Healthcare and Biomechanics
^^^^^^^^^^^^^^^^^^^^^^^^^^^^^^^

- **Gait Analysis**: Quantify walking patterns for diagnosis and treatment
- **Rehabilitation**: Track and assess patient movements during therapy
- **Surgical Planning**: Patient-specific anatomical models
- **Sports Performance**: Technique analysis and injury prevention

Engineering and Design
^^^^^^^^^^^^^^^^^^^^^^^^^

- **Ergonomics**: Design workspaces and products for human comfort
- **Robotics**: Human-robot interaction and collaborative environments
- **Autonomous Systems**: Pedestrian tracking and behavior prediction

Human-Computer Interaction
^^^^^^^^^^^^^^^^^^^^^^^^^^^^^^

- **Gesture Recognition**: Body-based input for interfaces
- **Virtual Try-On**: Visualize clothing on personalized avatars
- **Accessibility**: Design interfaces for diverse body types and abilities

Scientific Research
^^^^^^^^^^^^^^^^^^^^^^

- **Psychology**: Study body language and non-verbal communication
- **Anthropology**: Analyze human movement across cultures
- **Forensics**: Reconstruct accidents or crime scenes

-------------------------------------------------------------
9. Challenges and Future Directions
-------------------------------------------------------------

Despite significant progress, several challenges remain:

Scalability and Generalization
^^^^^^^^^^^^^^^^^^^^^^^^^^^^^^^^^^

- **Population Diversity**: Current models often lack coverage of children, elderly, or unusual body types
- **Motion Diversity**: Rare or extreme actions may fall outside training distributions
- **Computational Efficiency**: High-fidelity models require significant resources

Higher-Fidelity Dynamics
^^^^^^^^^^^^^^^^^^^^^^^^^^^^

- **Soft Tissue**: Modeling fat and muscle jiggling during movement
- **Fine Details**: Realistic facial expressions and hand articulation
- **Secondary Motion**: Cloth, hair, and accessories with physical accuracy

Data and Labeling Constraints
^^^^^^^^^^^^^^^^^^^^^^^^^^^^^^^^^

- **Ground Truth**: Difficult to obtain accurate 3D pose for in-the-wild data
- **Contact Information**: Precisely capturing where and how bodies interact with objects
- **Privacy Concerns**: Ethical use of motion data that may be identifying

Physics and Learning Integration
^^^^^^^^^^^^^^^^^^^^^^^^^^^^^^^^^^^^

- **Physical Plausibility**: Learned models can produce physically impossible results
- **Differentiable Physics**: Backpropagating through simulations for training
- **Simulation-to-Real Gap**: Ensuring models transfer from simulation to real data

Semantic and Cognitive Aspects
^^^^^^^^^^^^^^^^^^^^^^^^^^^^^^^^^^

- **Action Planning**: High-level decision making for autonomous virtual humans
- **Social Behavior**: Modeling gestures, personal space, and interaction norms
- **Context Awareness**: Understanding environmental constraints and affordances

Realism vs.

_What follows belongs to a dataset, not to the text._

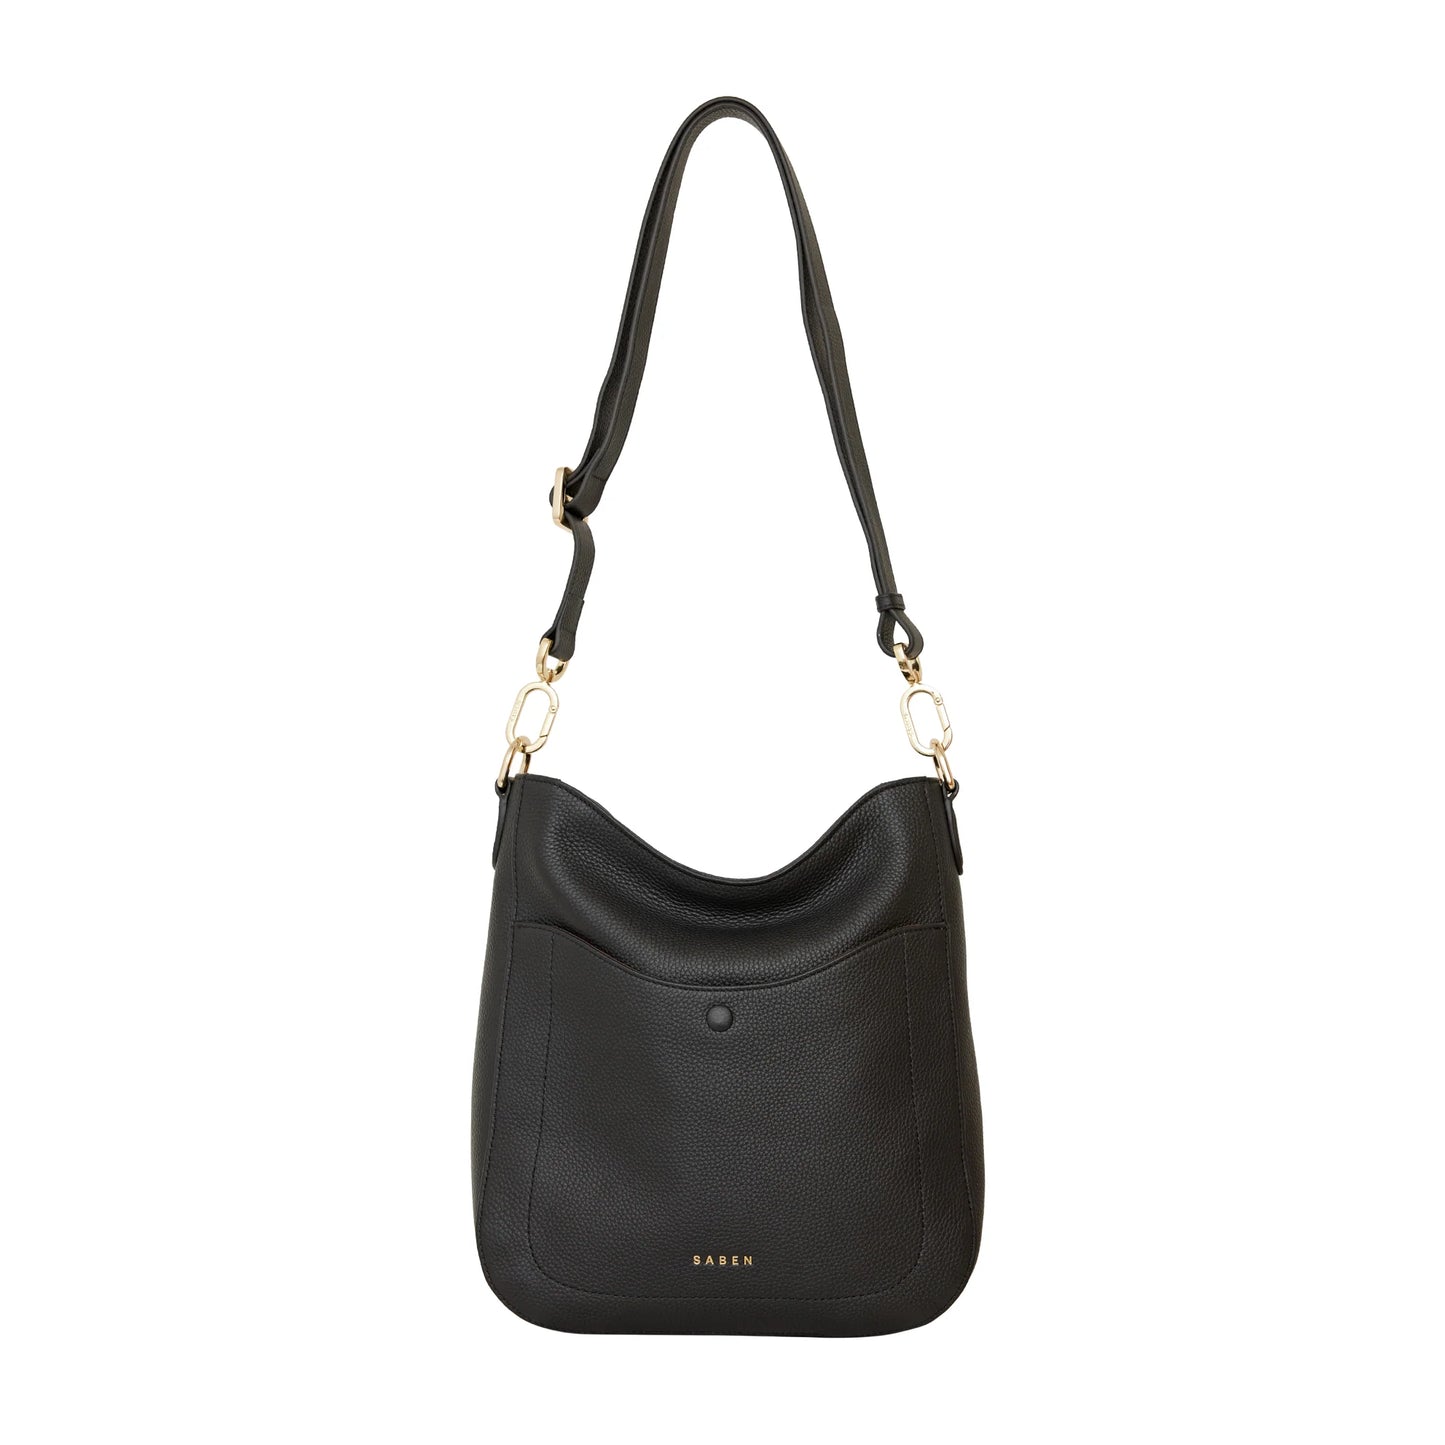 SABEN // Rebe Shoulder Bag BLACK

Controllability
^^^^^^^^^^^^^^^^^^^^^^^^^^^^^^^

- **Multi-Level Control**: Balancing high-level commands with low-level physics
- **Real-Time Performance**: Maintaining realism under interactive constraints
- **Artist Tools**: Providing intuitive interfaces for animation and control

The future likely holds unified models combining shape, motion, clothing, and intention 
in a single framework, enabling applications from immersive telepresence to autonomous 
digital humans that interact naturally with users.